Maria Alm, especially known for winter tourism, is part of the High King Mountain Ski Area, a member of the Ski Amadé network of 28 ski areas that together make up the largest Alpine skiing region in Europe.

Besides downhill skiing, Maria Alm provides facilities for cross-country skiing, golf, mountain biking, climbing, hiking, and tobogganing. Situated at the bottom of the alps, about 400 meters from the center of town, is the Sommerstein Pool with a 40 meter water slide, a current canal, and various swimming and play areas for kids.
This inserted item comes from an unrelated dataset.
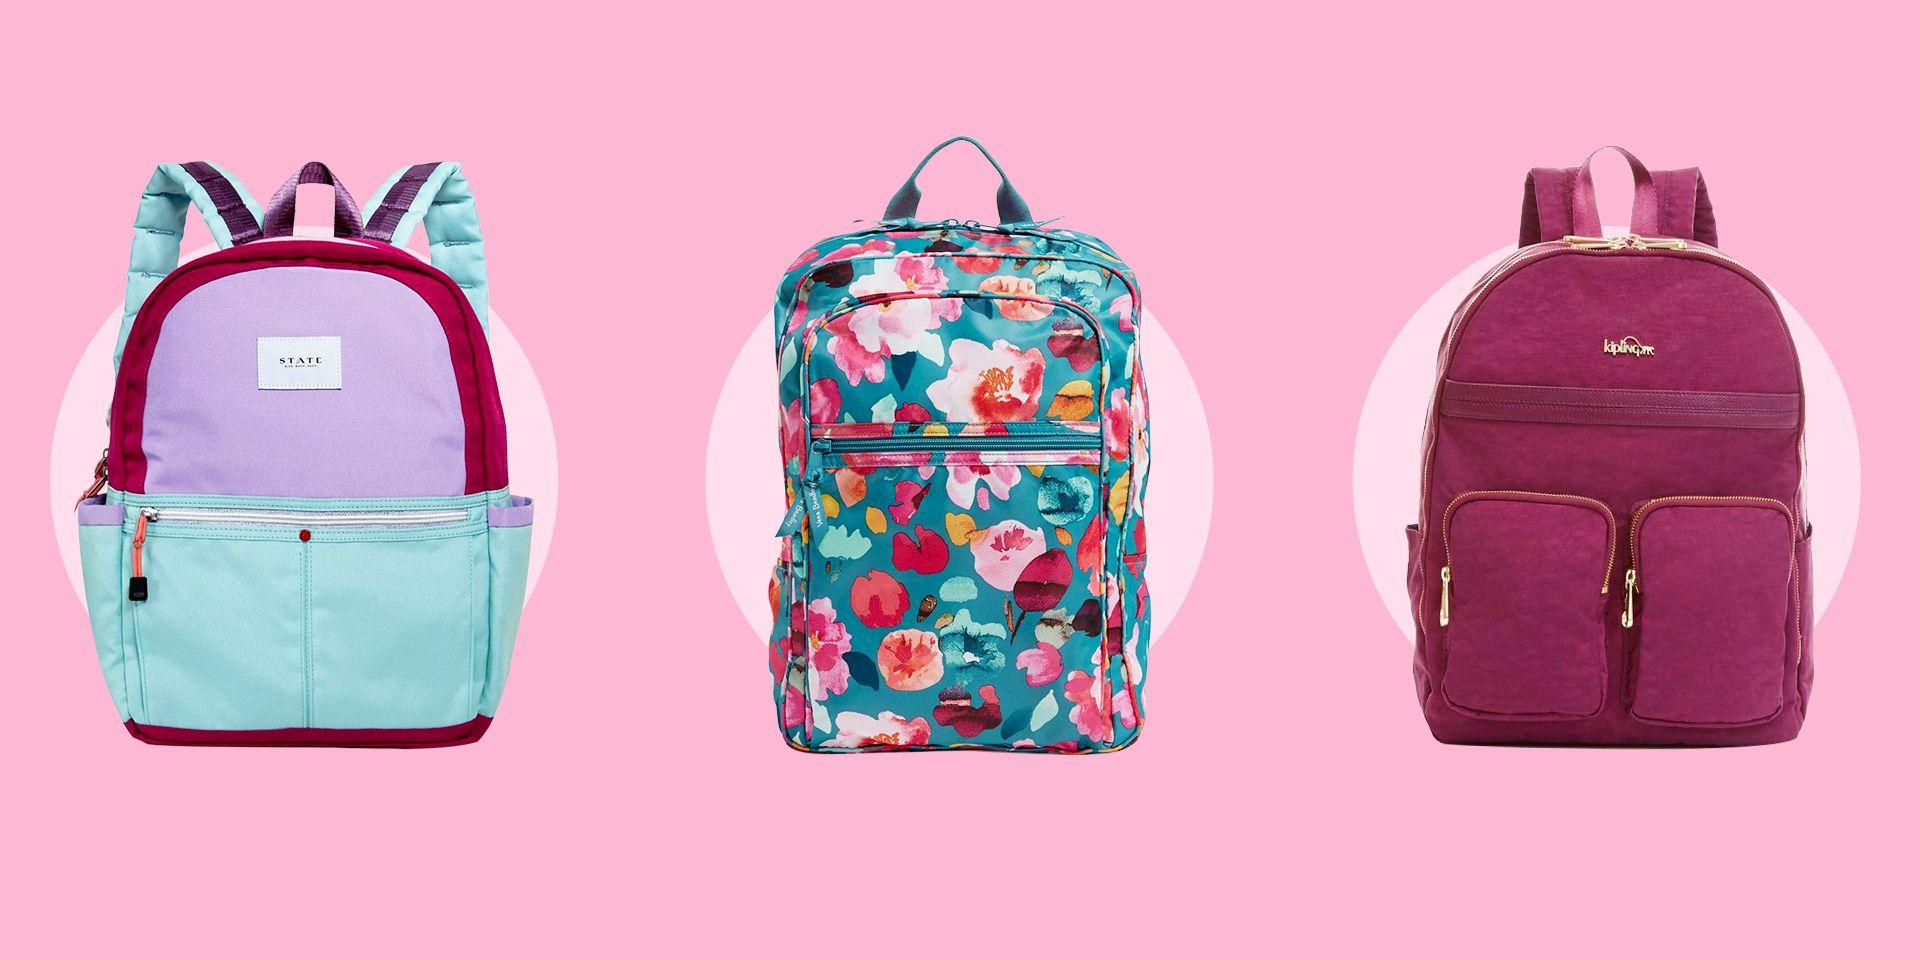 29 Cute Backpacks For School 2018 - Best

The grounds around the pool are grassy and open making it a great space for sunbathing. The pool also offers an indoor/outdoor snack bar and lockers with changing rooms.

==Politics==
Seats in the municipal assembly (Gemeinderat) as of 2014 local elections:
- Wählergemeinschaft Pro Maria Alm (Independent): 9
- Austrian People's Party (ÖVP): 4
- Social Democratic Party of Austria (SPÖ): 3
- Freedom Party of Austria (FPÖ): 1

==Notable people==
- Reinhard Spitzy (1912–2010), diplomat, entrepreneur, author
- Marcus Schmuck (1925–2005), mountaineer
- Wolf Haas (born 1960), writer
- Alfred Rainer (1987–2008), skier.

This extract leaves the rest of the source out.